= INFORMATION SHOWN =
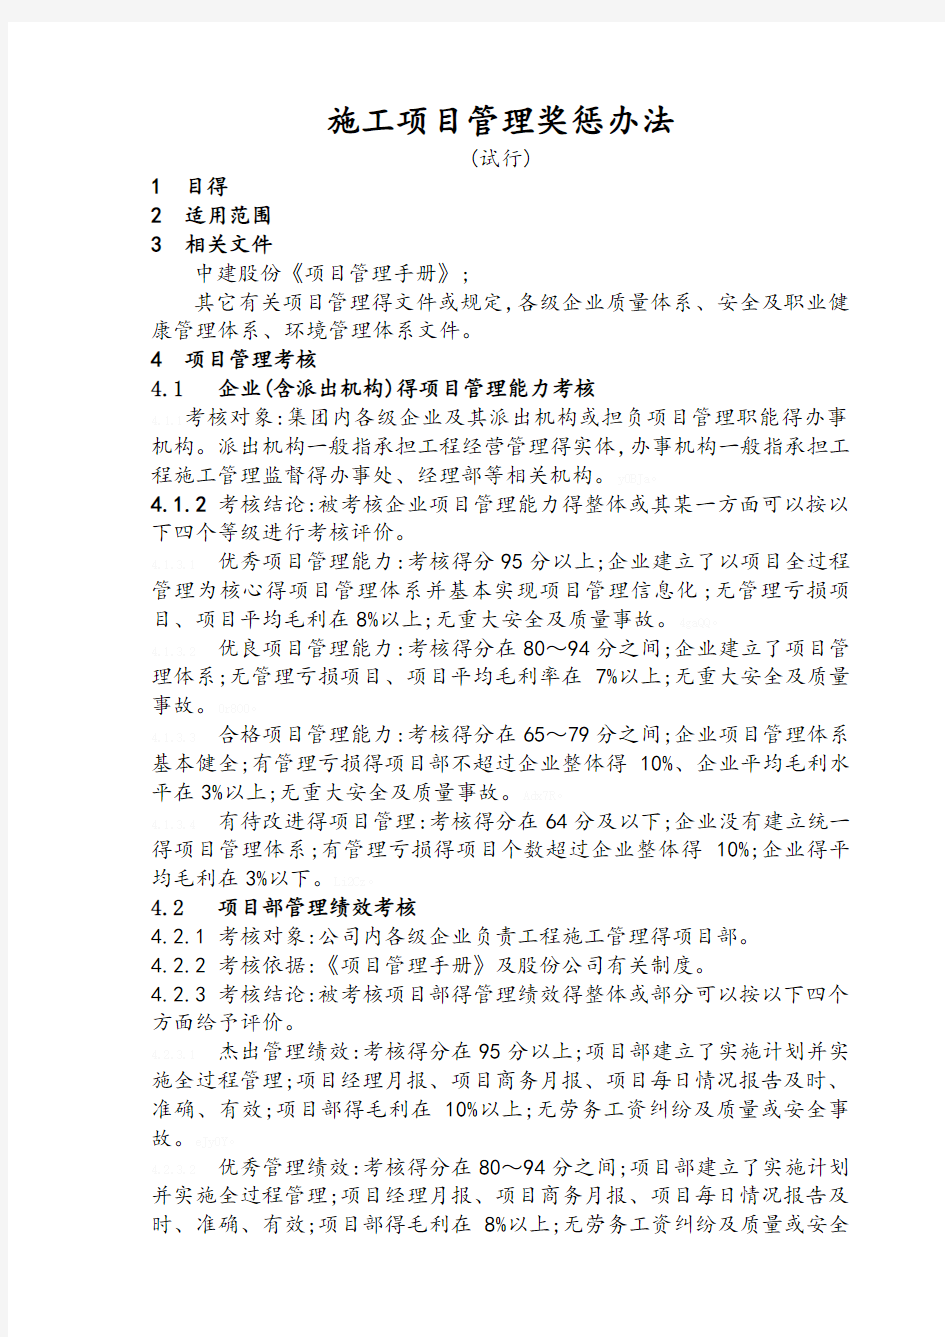 中国建筑工程施工项目管理考核办法及表格
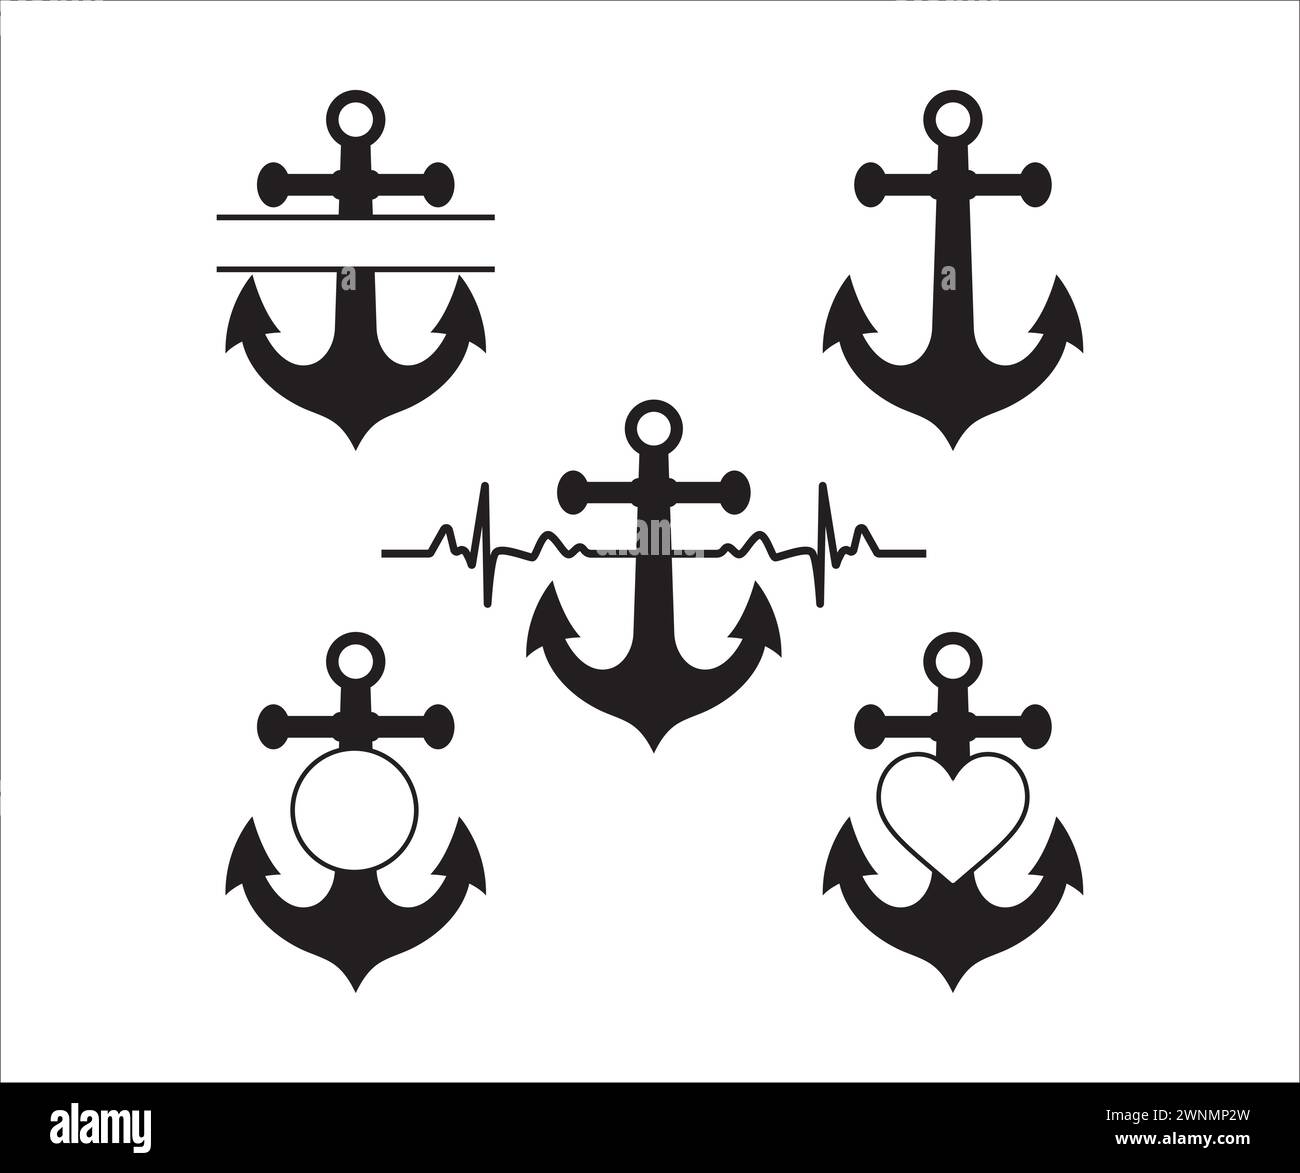 Ancre de bateau, monogramme d'ancre, SVG d'ancre, Silhouette d'ancre, vecteur de battement de coeur d'ancre, ancre de bateau divisée, nautique, ancre Illustration de Vecteur
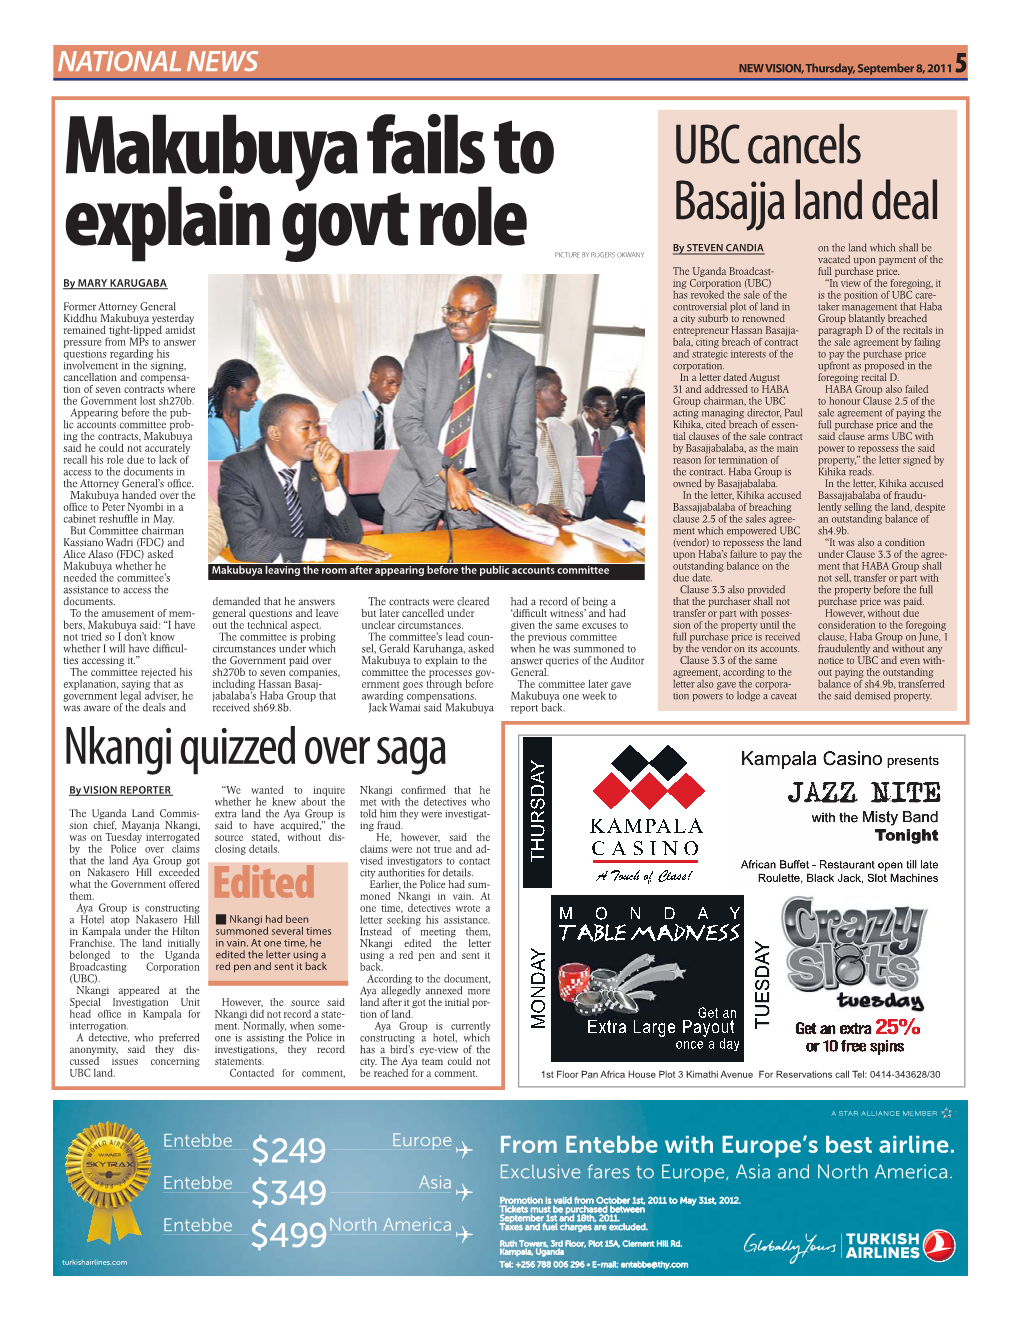 Makubuya Fails to Explain Govt Role
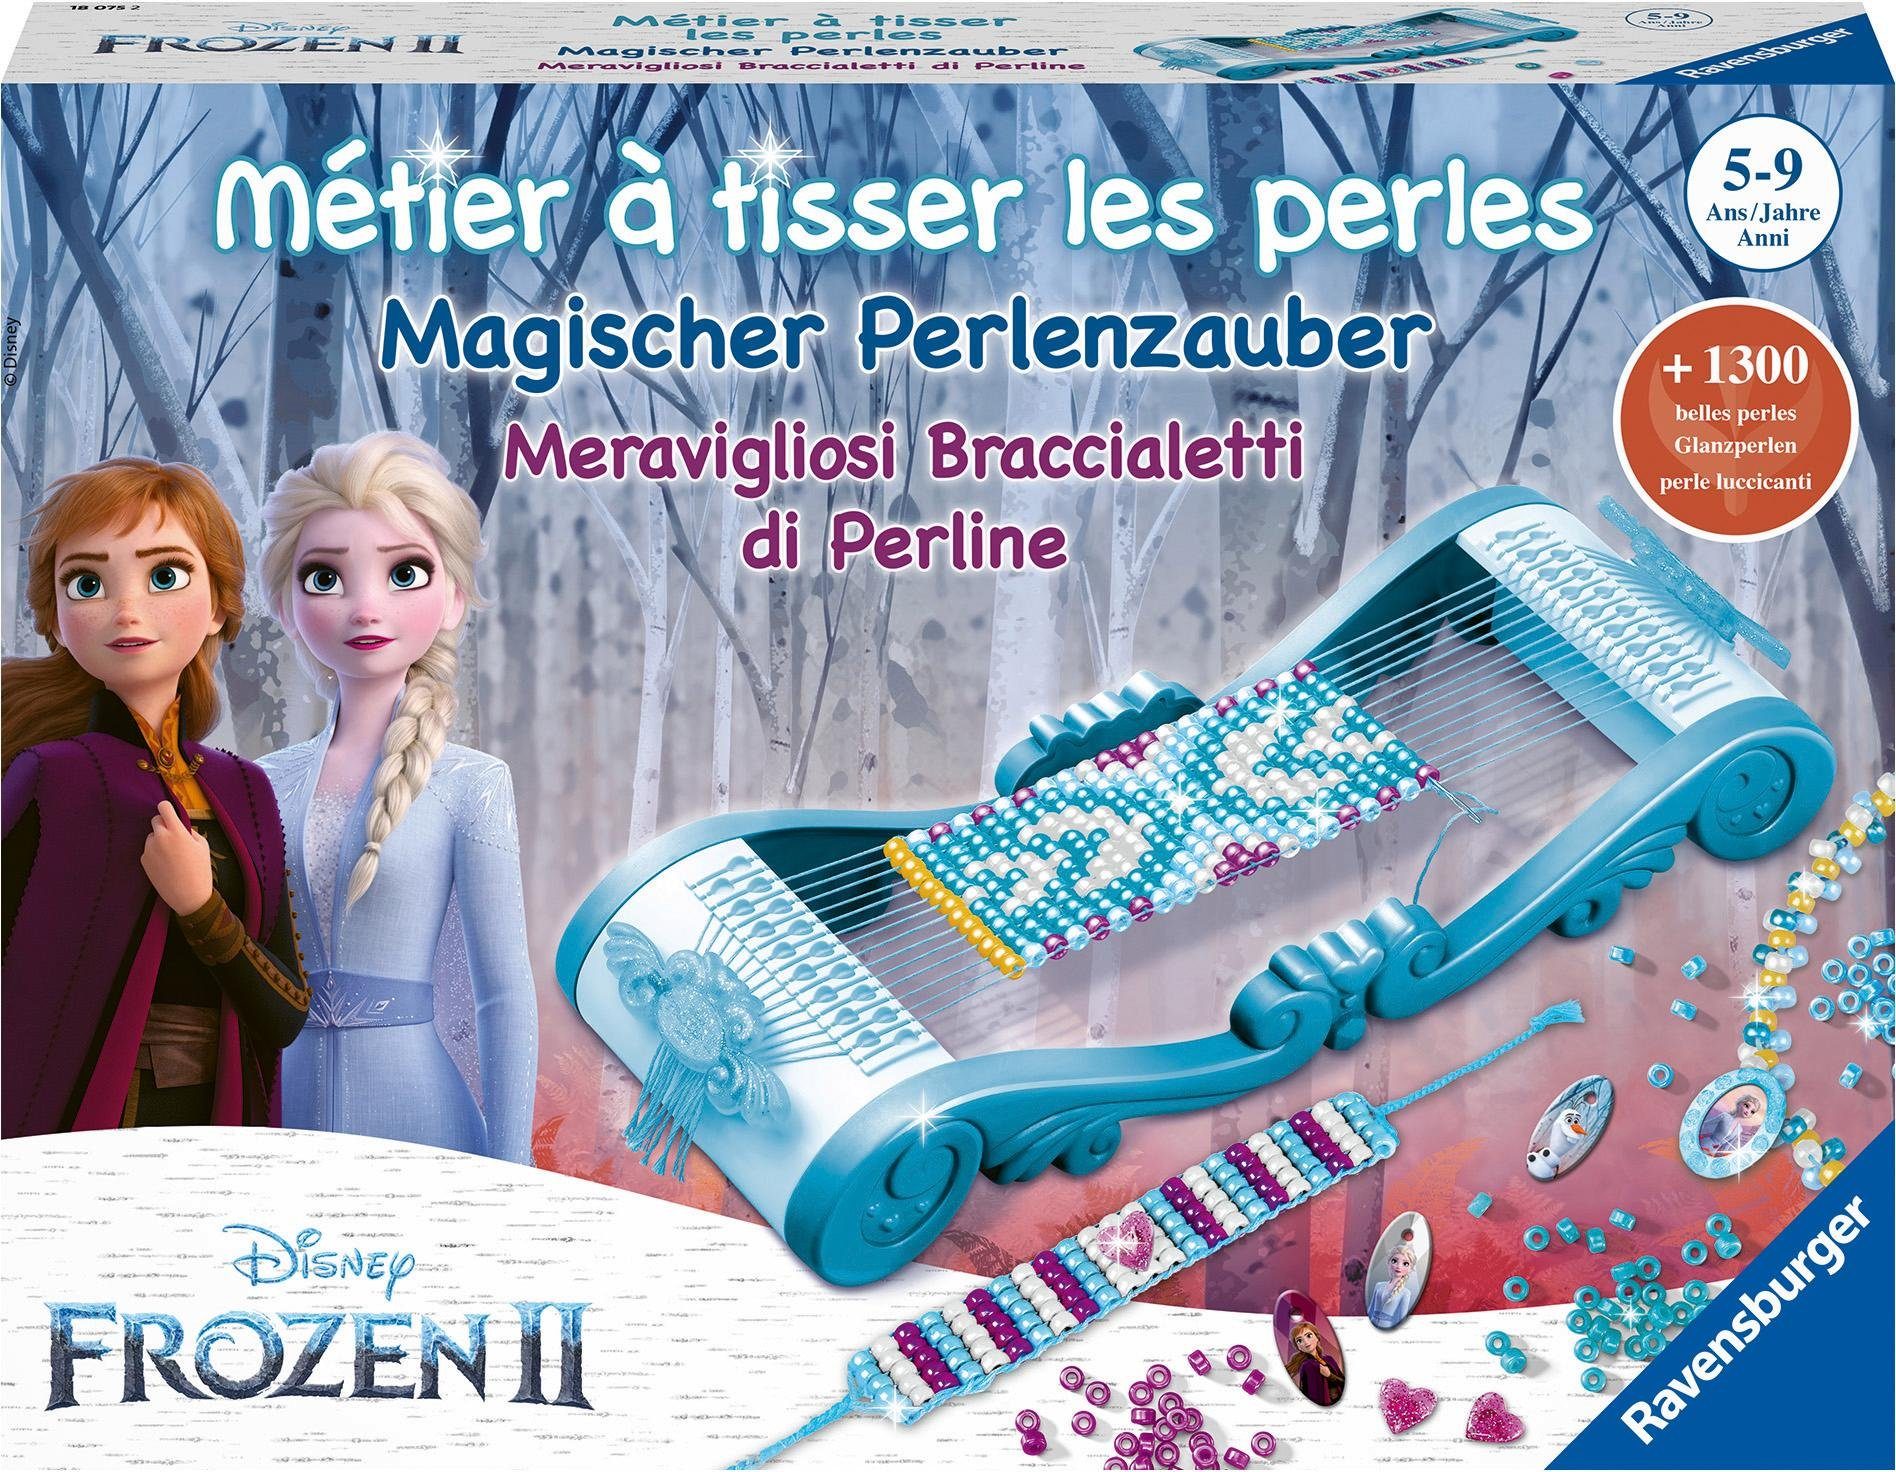 Image of Magischer Perlenzauber Frozen

= WORK INSTRUCTIONS =
Beginning with the line that contains "Ancre de bateau, monogramme" and ending with the final line of the listing, return each line exactly. Omit all pictures.

= OUTPUT OF THE TASK =
 Ancre de bateau, monogramme d'ancre, SVG d'ancre, Silhouette d'ancre, vecteur de battement de coeur d'ancre, ancre de bateau divisée, nautique, ancre Illustration de Vecteur
 Makubuya Fails to Explain Govt Role
 Image of Magischer Perlenzauber Frozen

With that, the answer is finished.